• [PROVIDED DATA]
>>

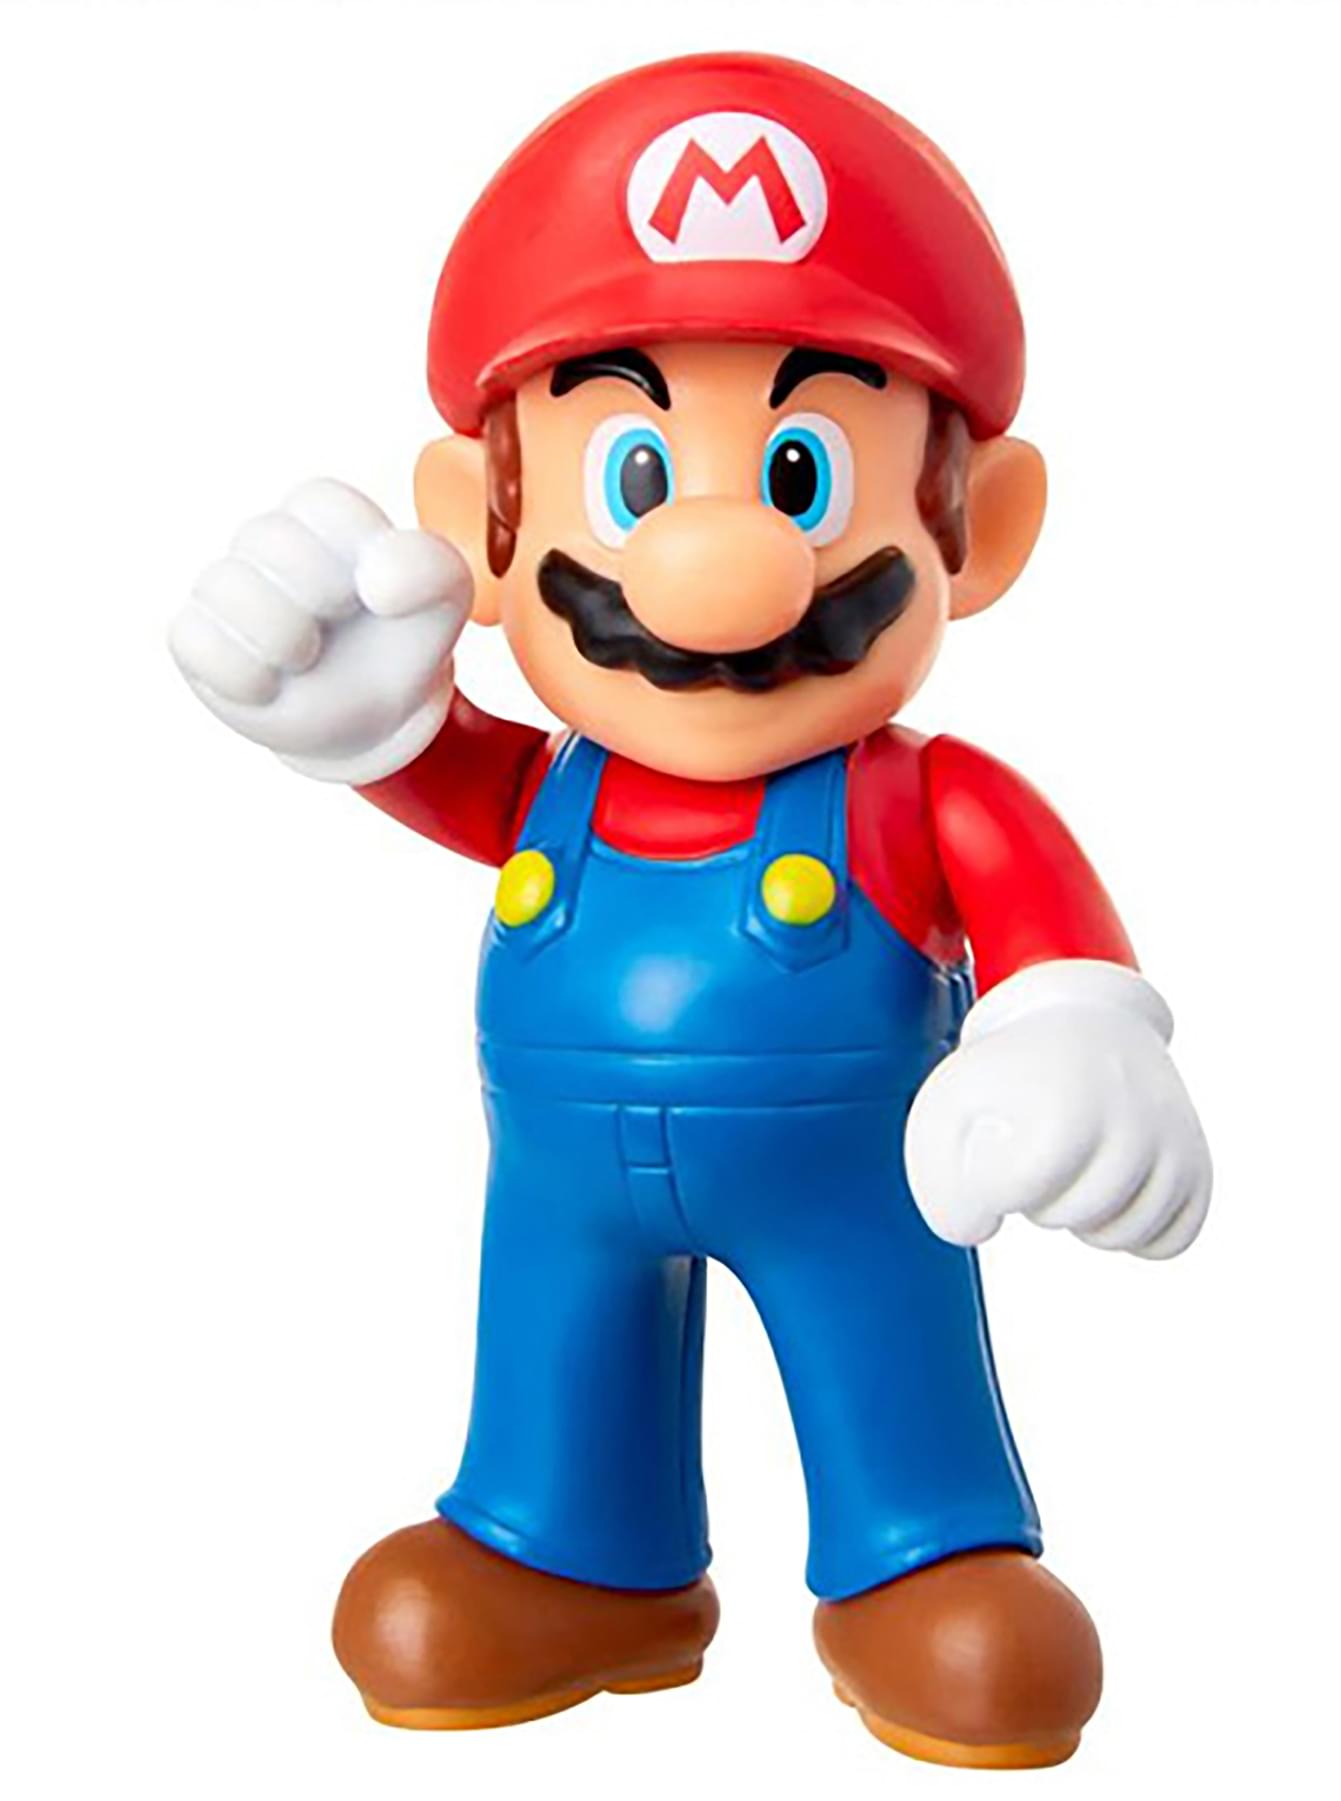 Super Mario World of Nintendo 2.5 Inch Figure | Mario
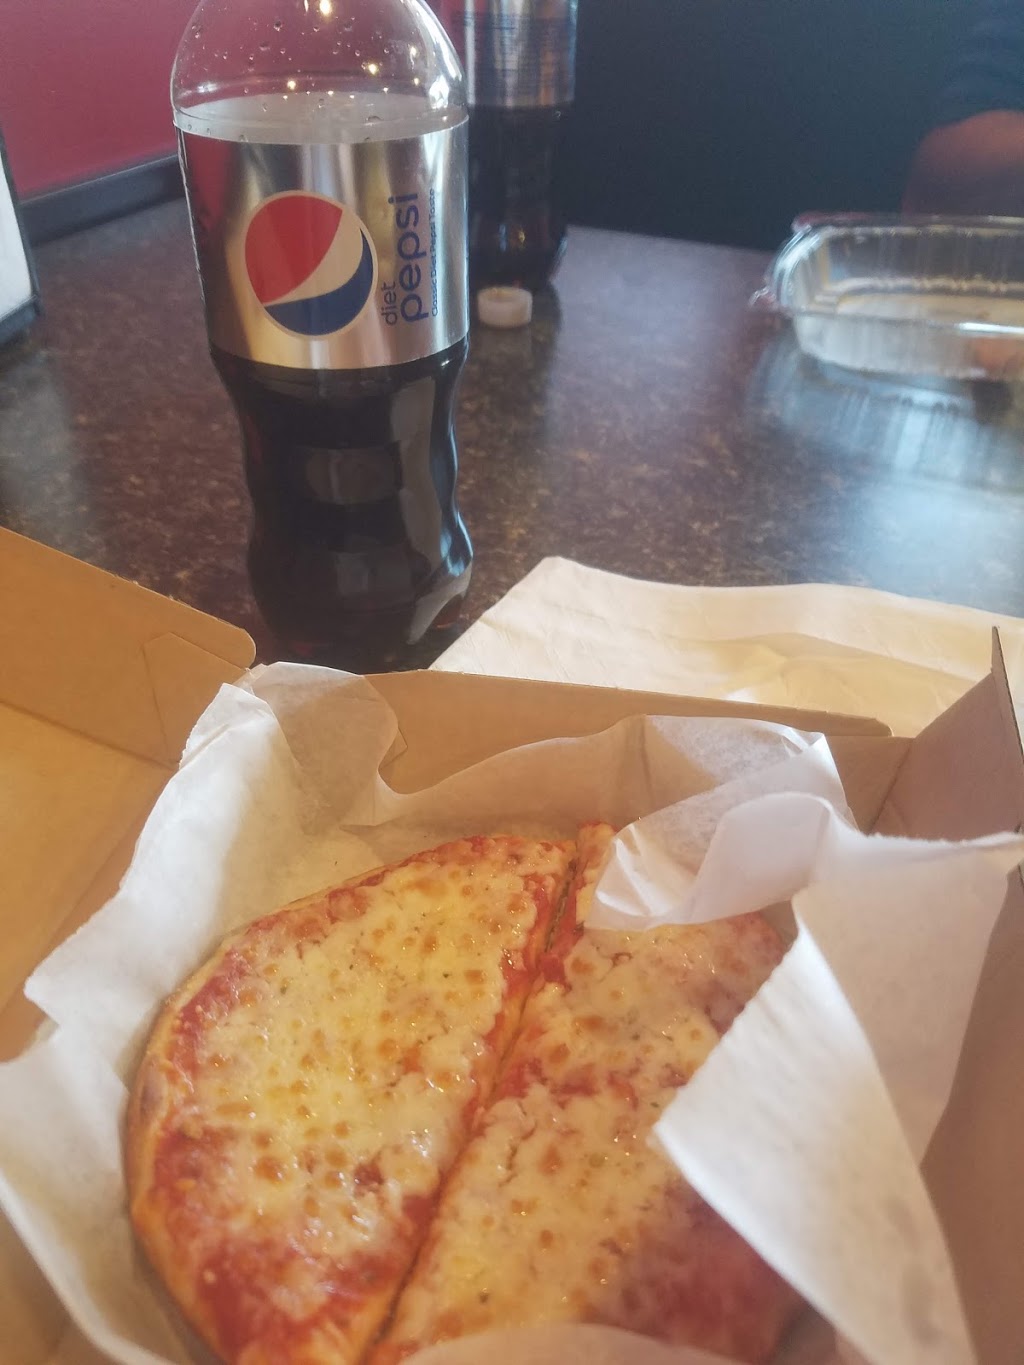 Foxs Pizza Den | 616 S Pike Rd, Sarver, PA 16055, USA | Phone: (724) 295-3222
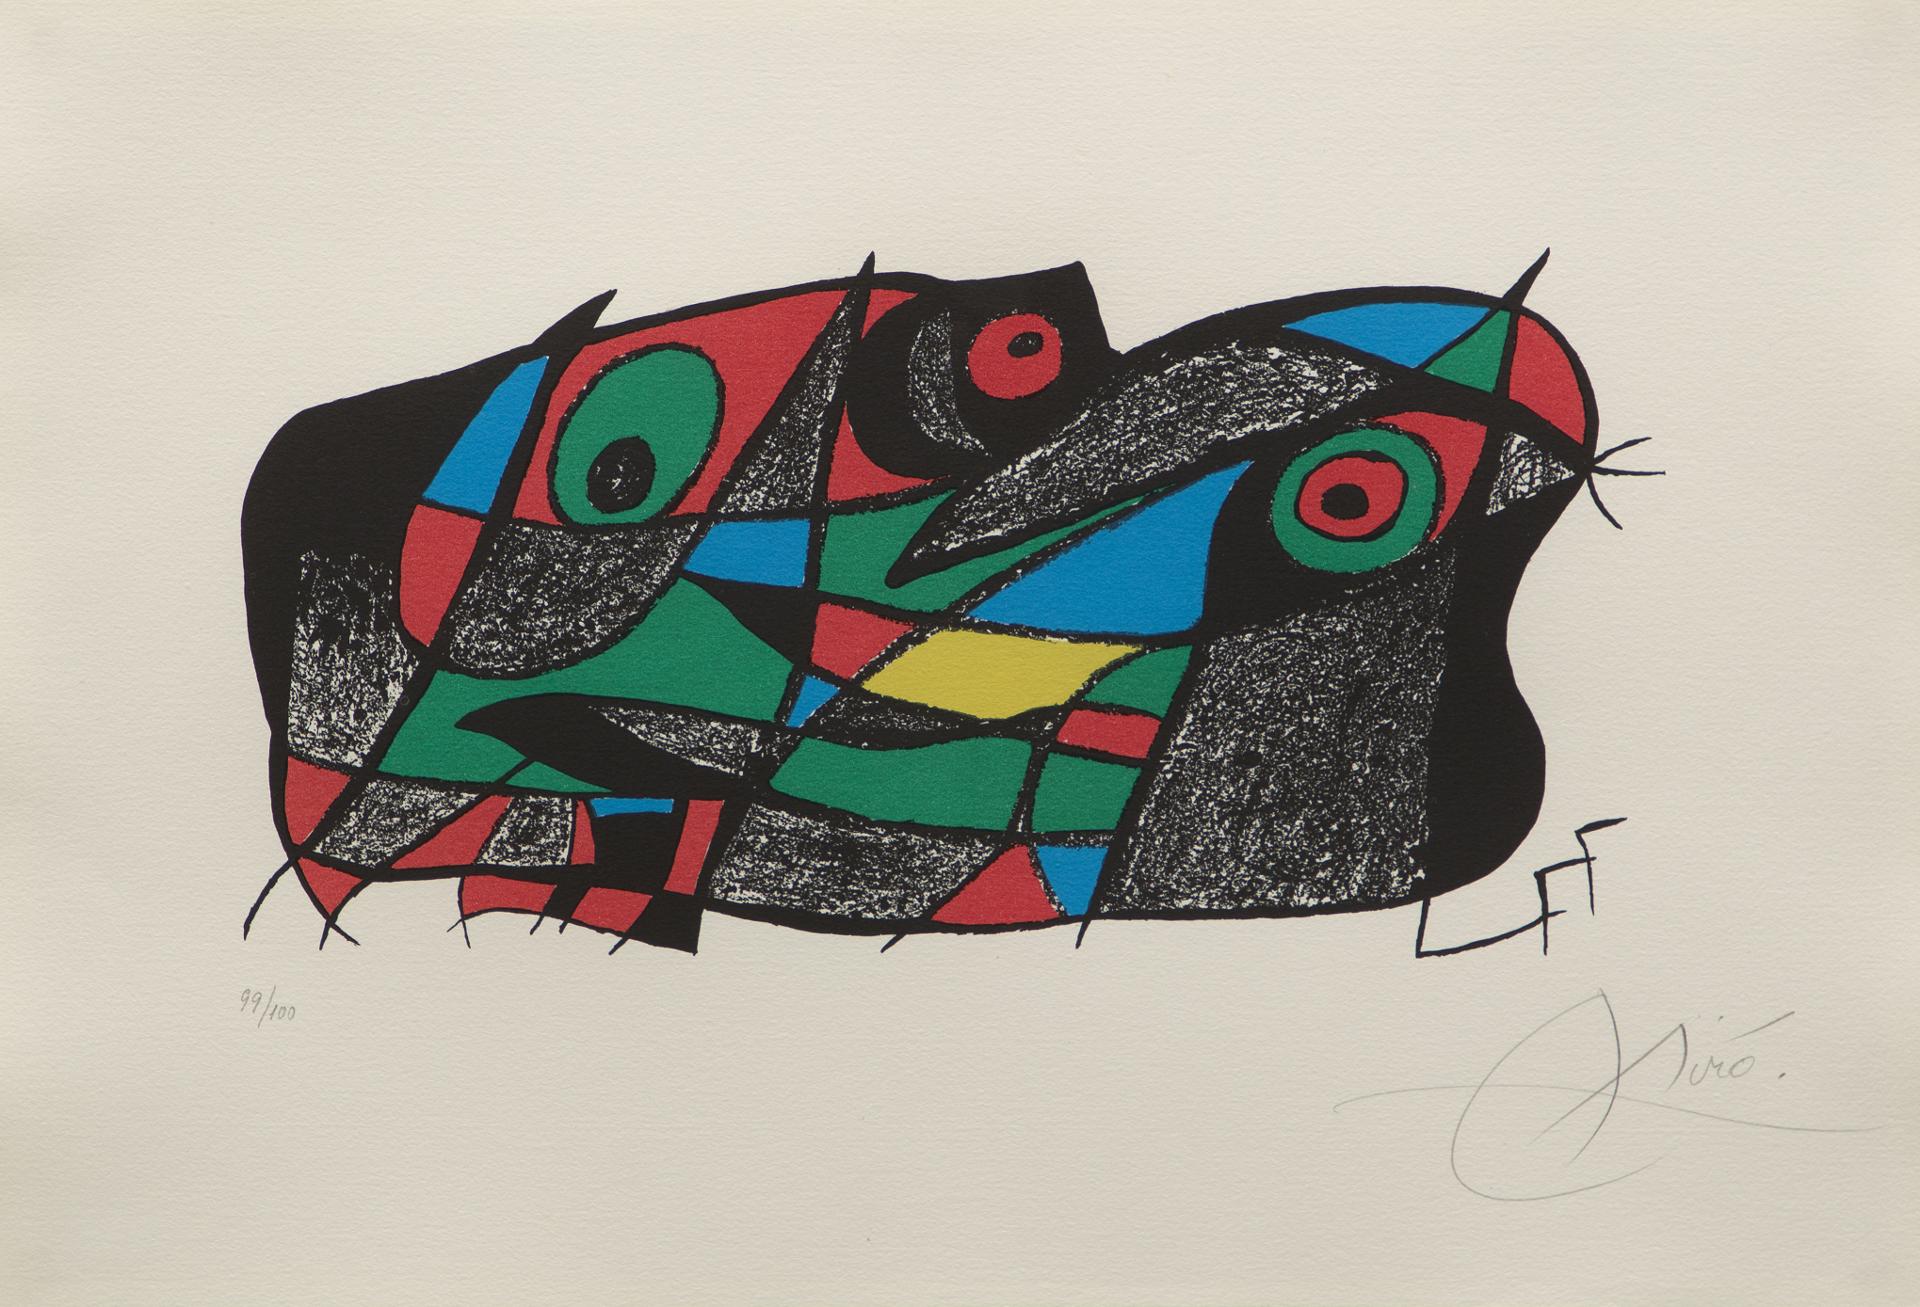 Joan Miró (1893-1983) - Suecia (de la série « Joan Miró esculptor », plaque nº 5 / from the series

<<

• [DESCRIPTION OF THE TASK] Print the lines from the one that contains "Foxs Pizza Den" through the final line of the material above, exactly and only those, with pictures left out.

• [SOLUTION]
 Foxs Pizza Den | 616 S Pike Rd, Sarver, PA 16055, USA | Phone: (724) 295-3222
 Joan Miró (1893-1983) - Suecia (de la série « Joan Miró esculptor », plaque nº 5 / from the series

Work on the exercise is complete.